#### DATA SEGMENT:
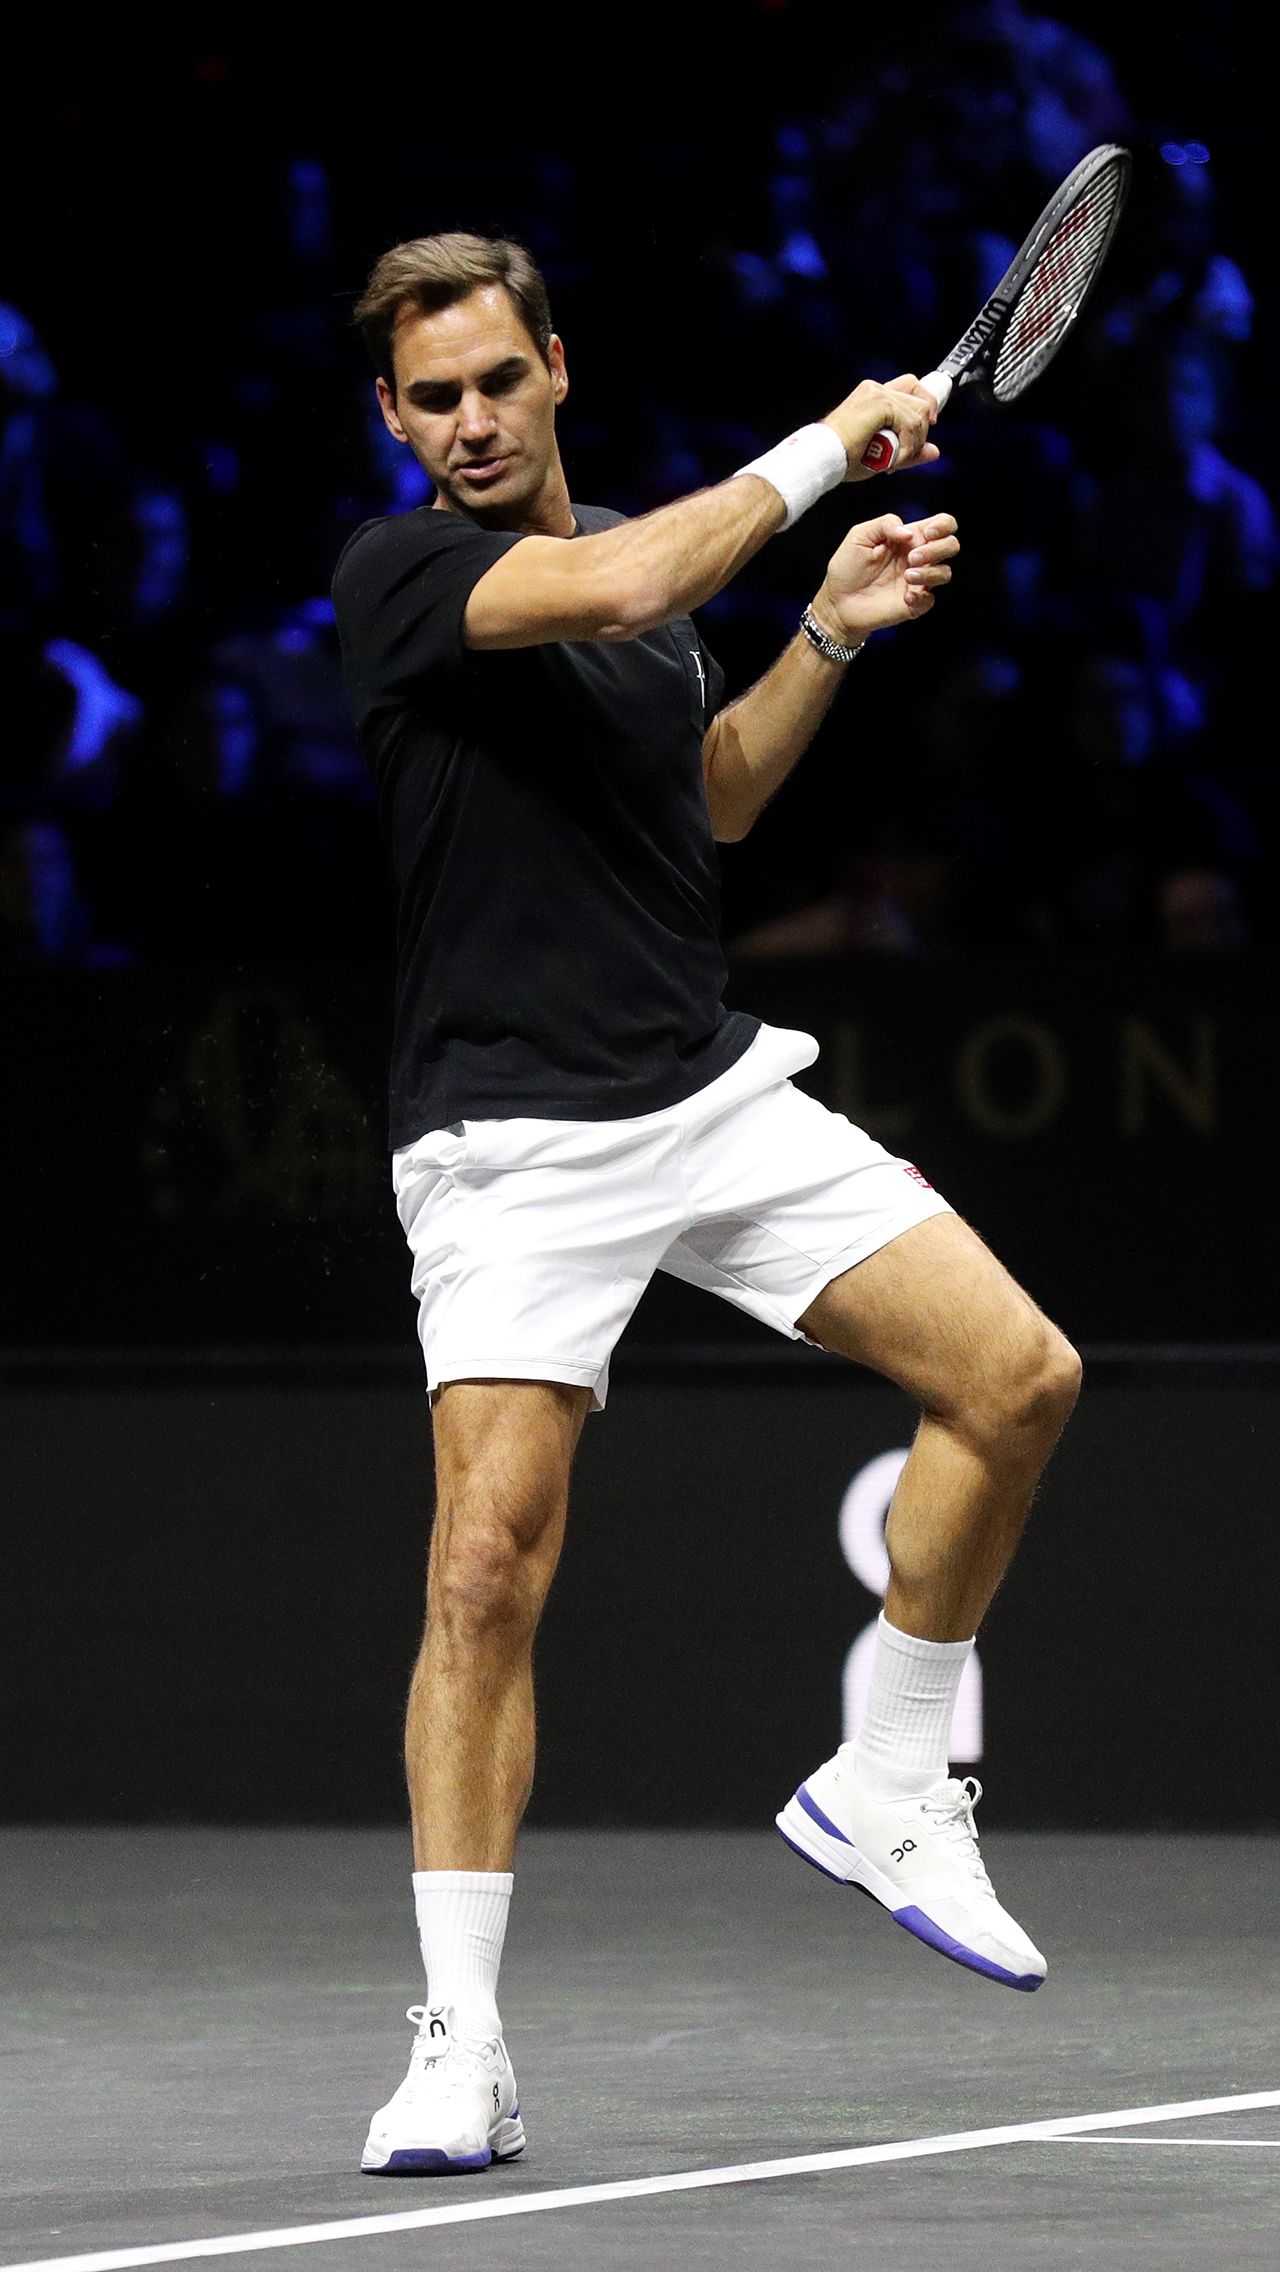 Солнечный день в Лондоне предзнаменовал великий финал. Роджер Федерер готовился к матчу с Джеком Соком и Фрэнсисом Тиафо вместе с Рафаэлем Надалем.
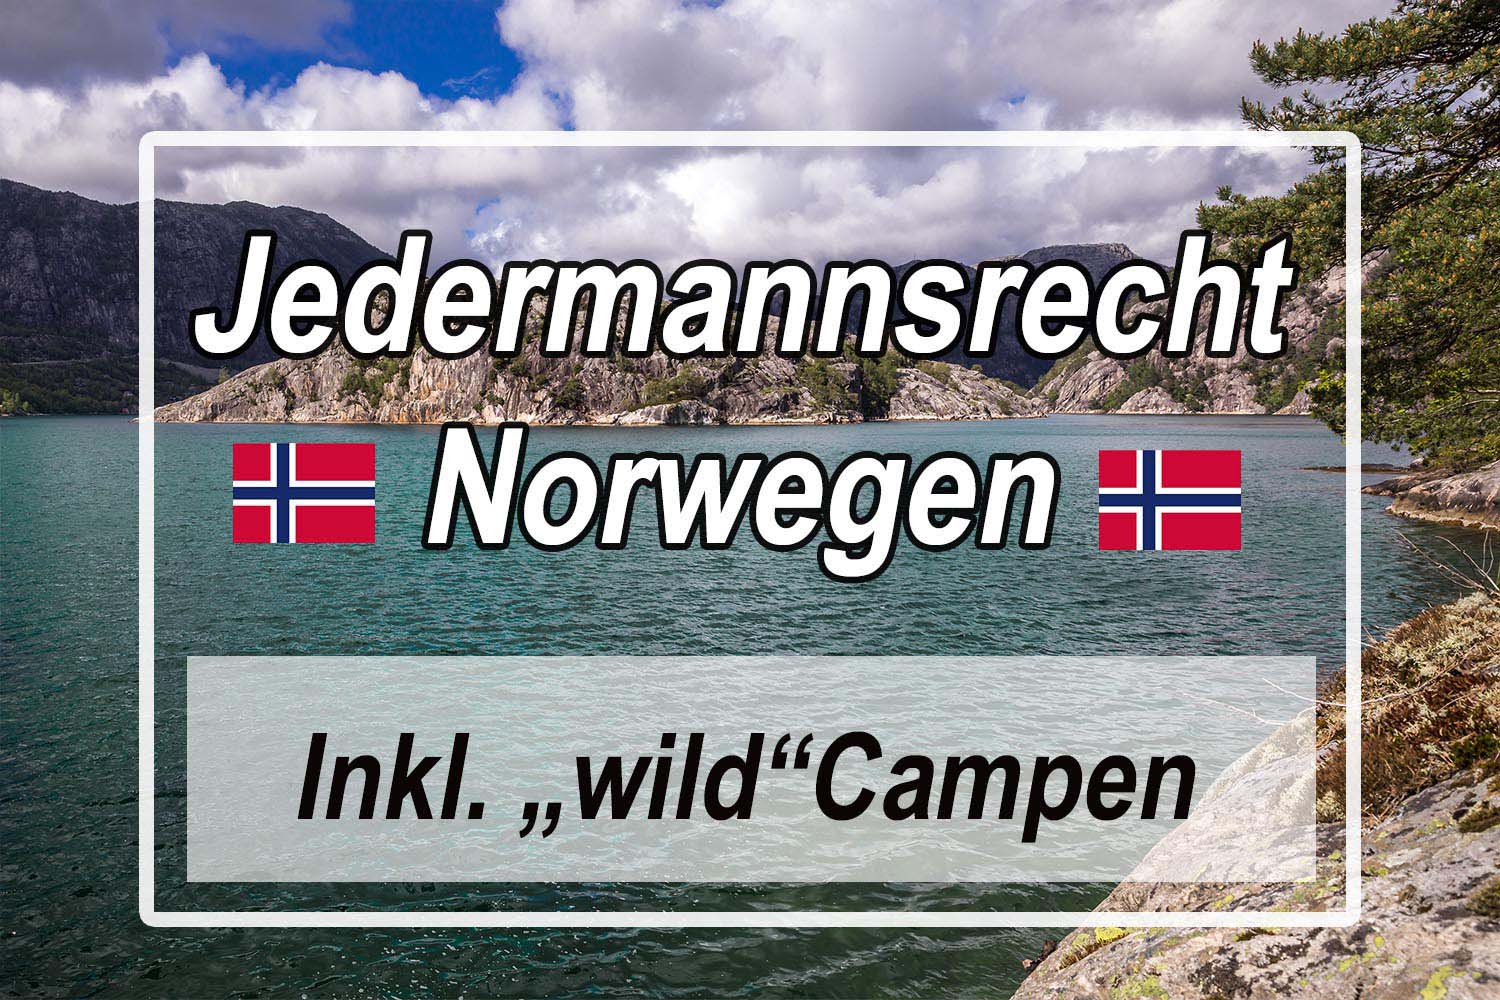 Jedermannsrecht in Norwegen mit Tipps zum wild campen 1
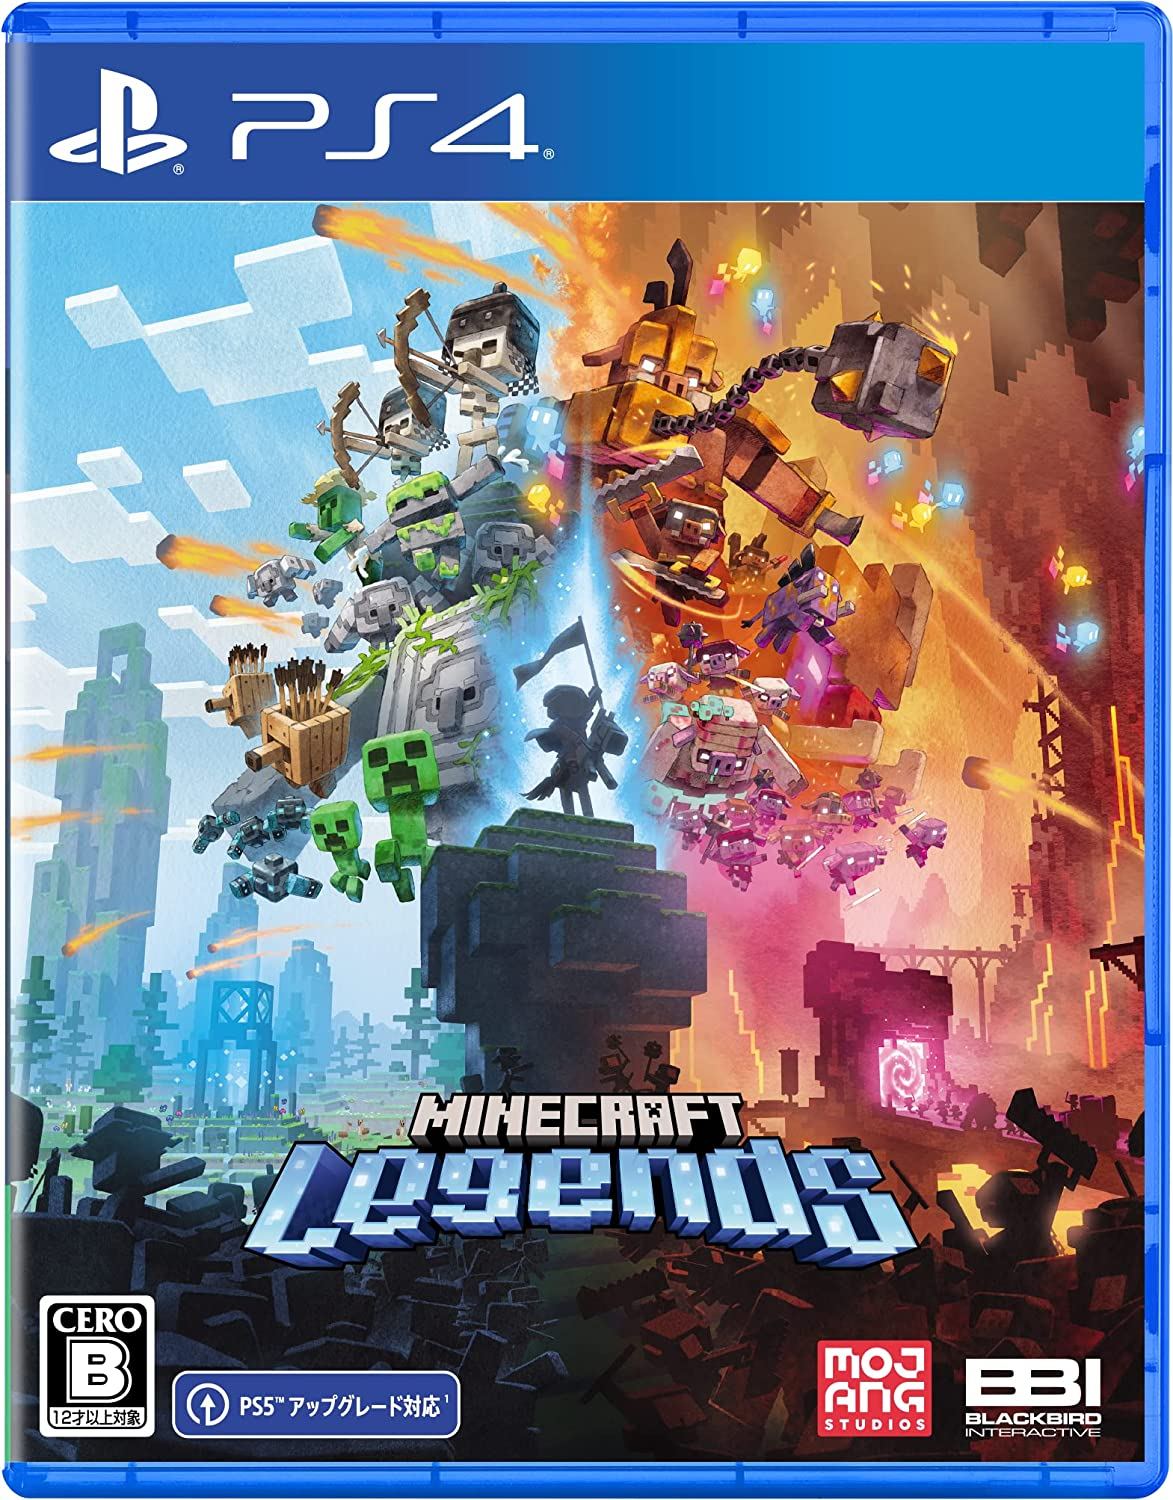 Minecraft Legends será lançado em abril para PS4 e PS5
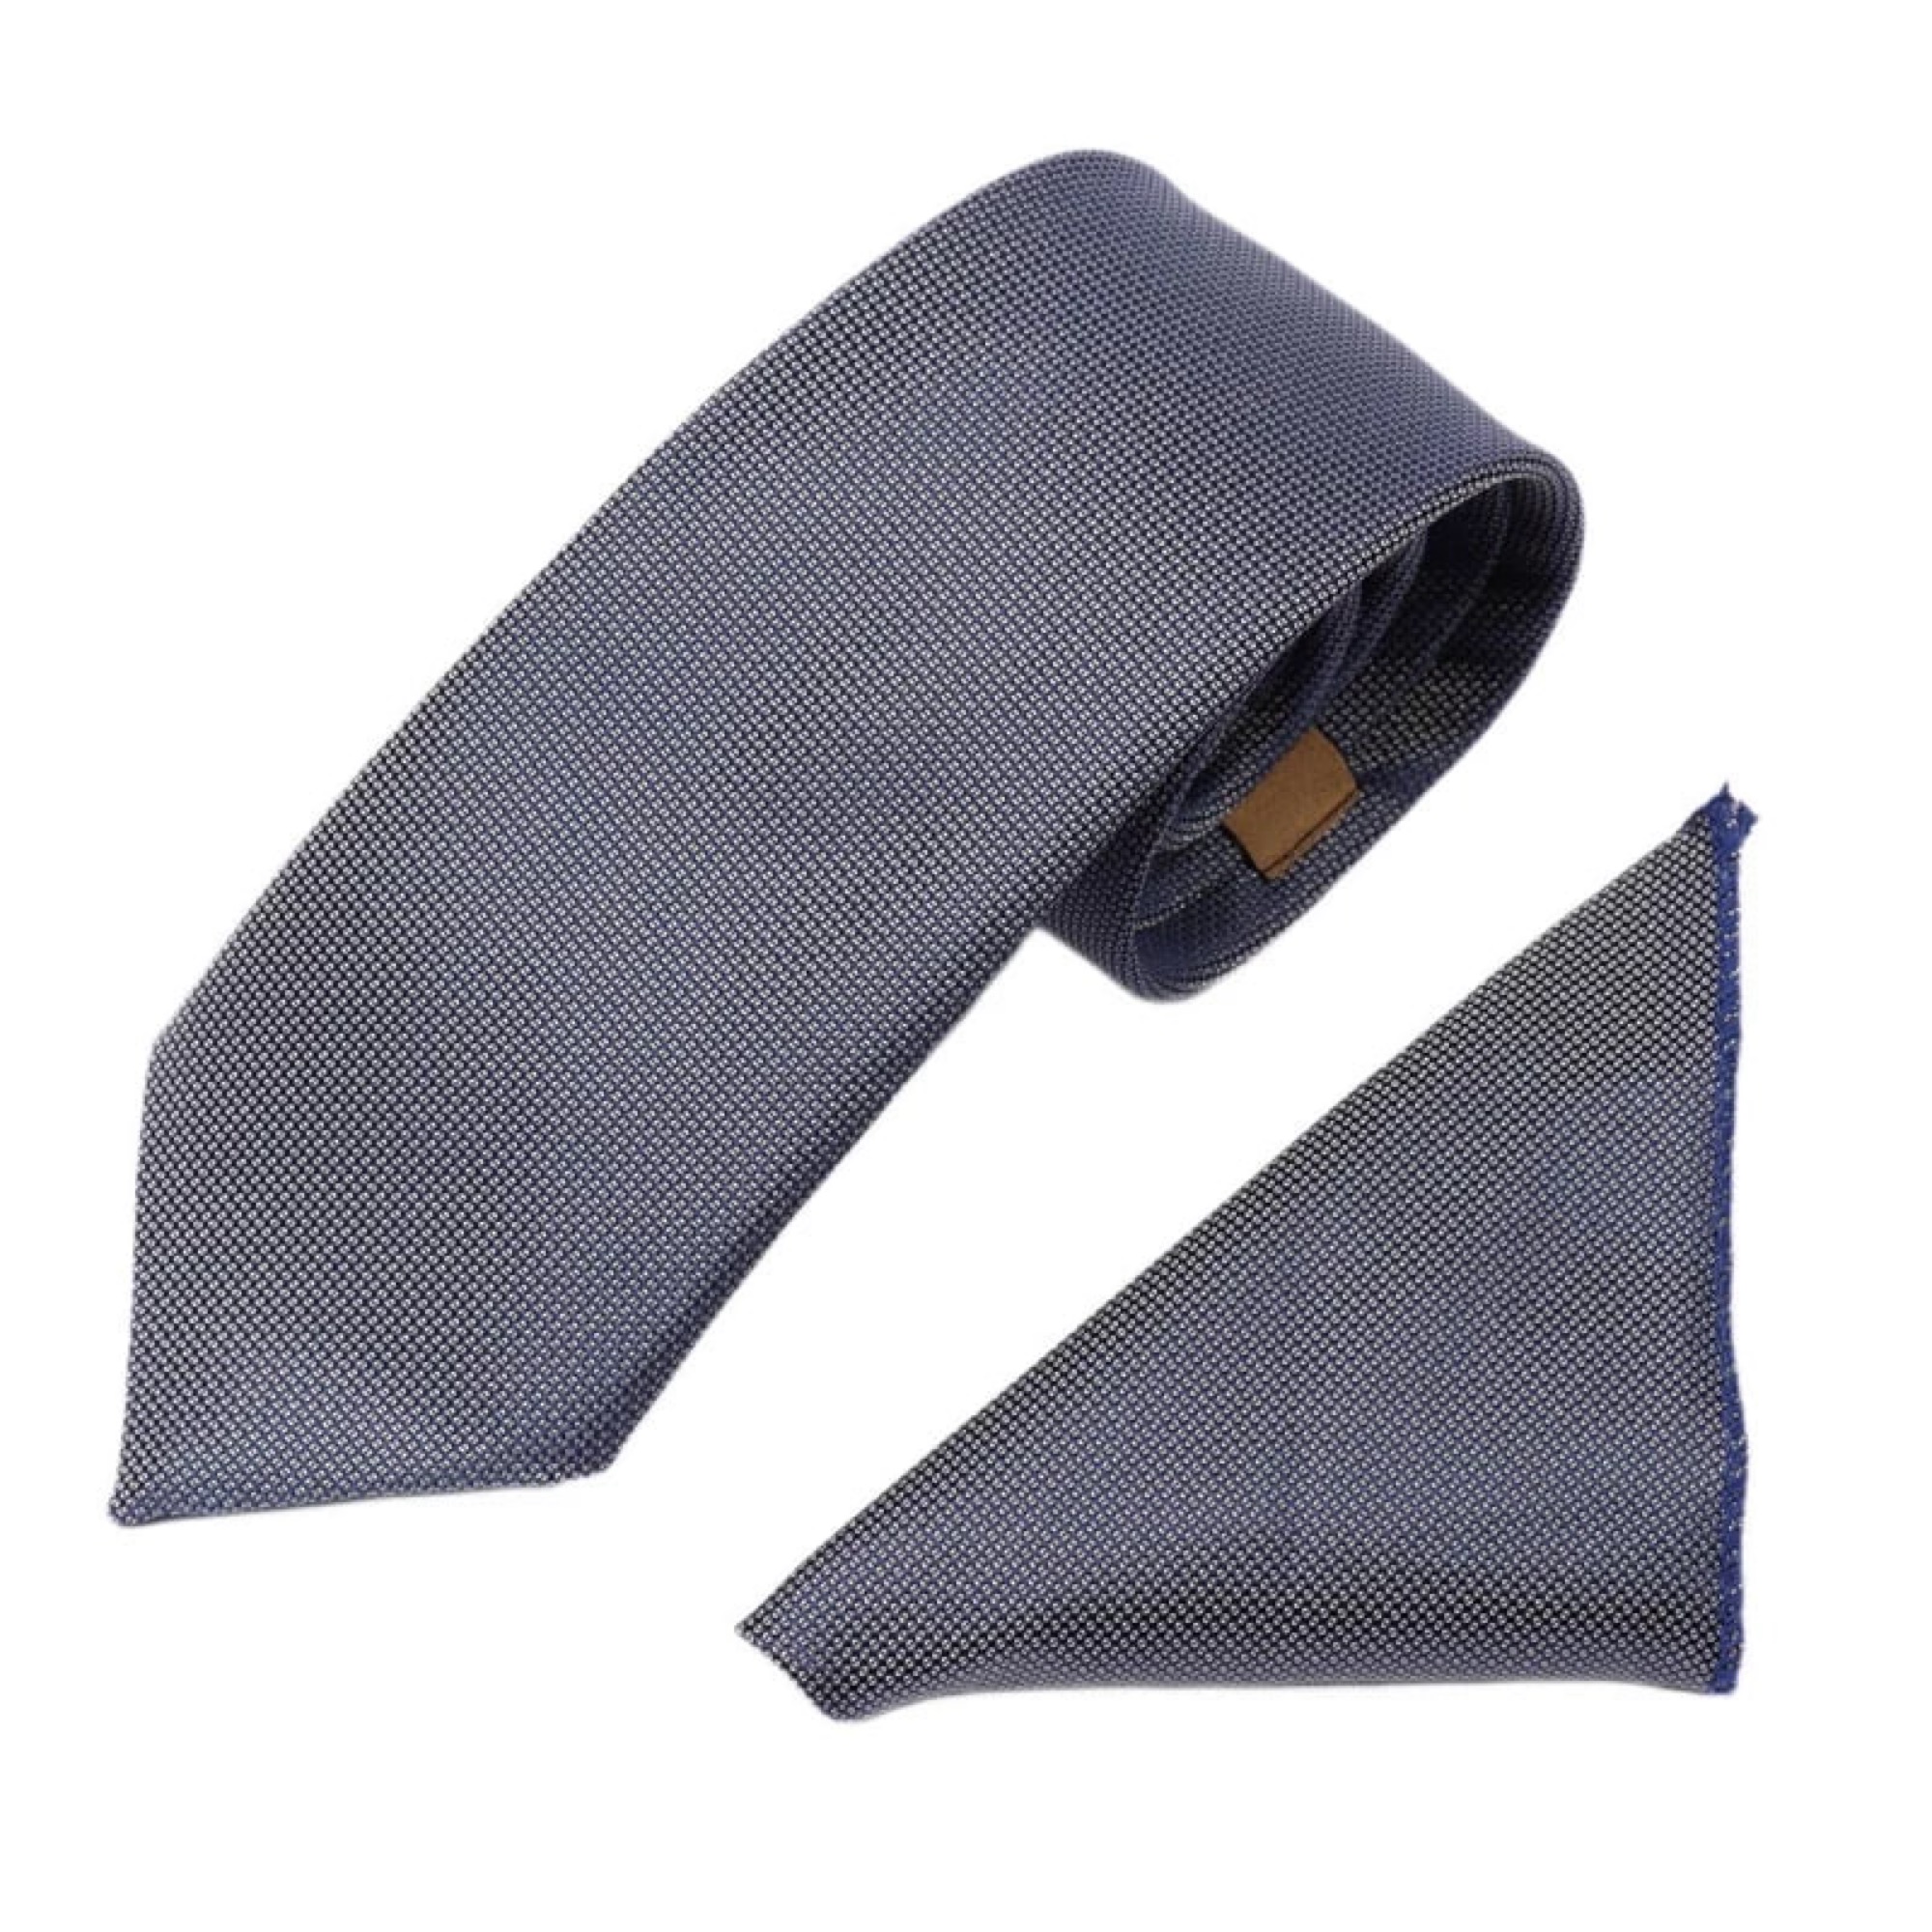 ست کراوات و دستمال جیب مردانه نسن طرح آکسفورد مدل SH12

#### TASK BRIEF:
A word-for-word copy of the listing is needed, with no pictures in it.

#### RESPONSE TO THIS EXERCISE:
 Солнечный день в Лондоне предзнаменовал великий финал. Роджер Федерер готовился к матчу с Джеком Соком и Фрэнсисом Тиафо вместе с Рафаэлем Надалем.
 Jedermannsrecht in Norwegen mit Tipps zum wild campen 1
 Minecraft Legends será lançado em abril para PS4 e PS5
 ست کراوات و دستمال جیب مردانه نسن طرح آکسفورد مدل SH12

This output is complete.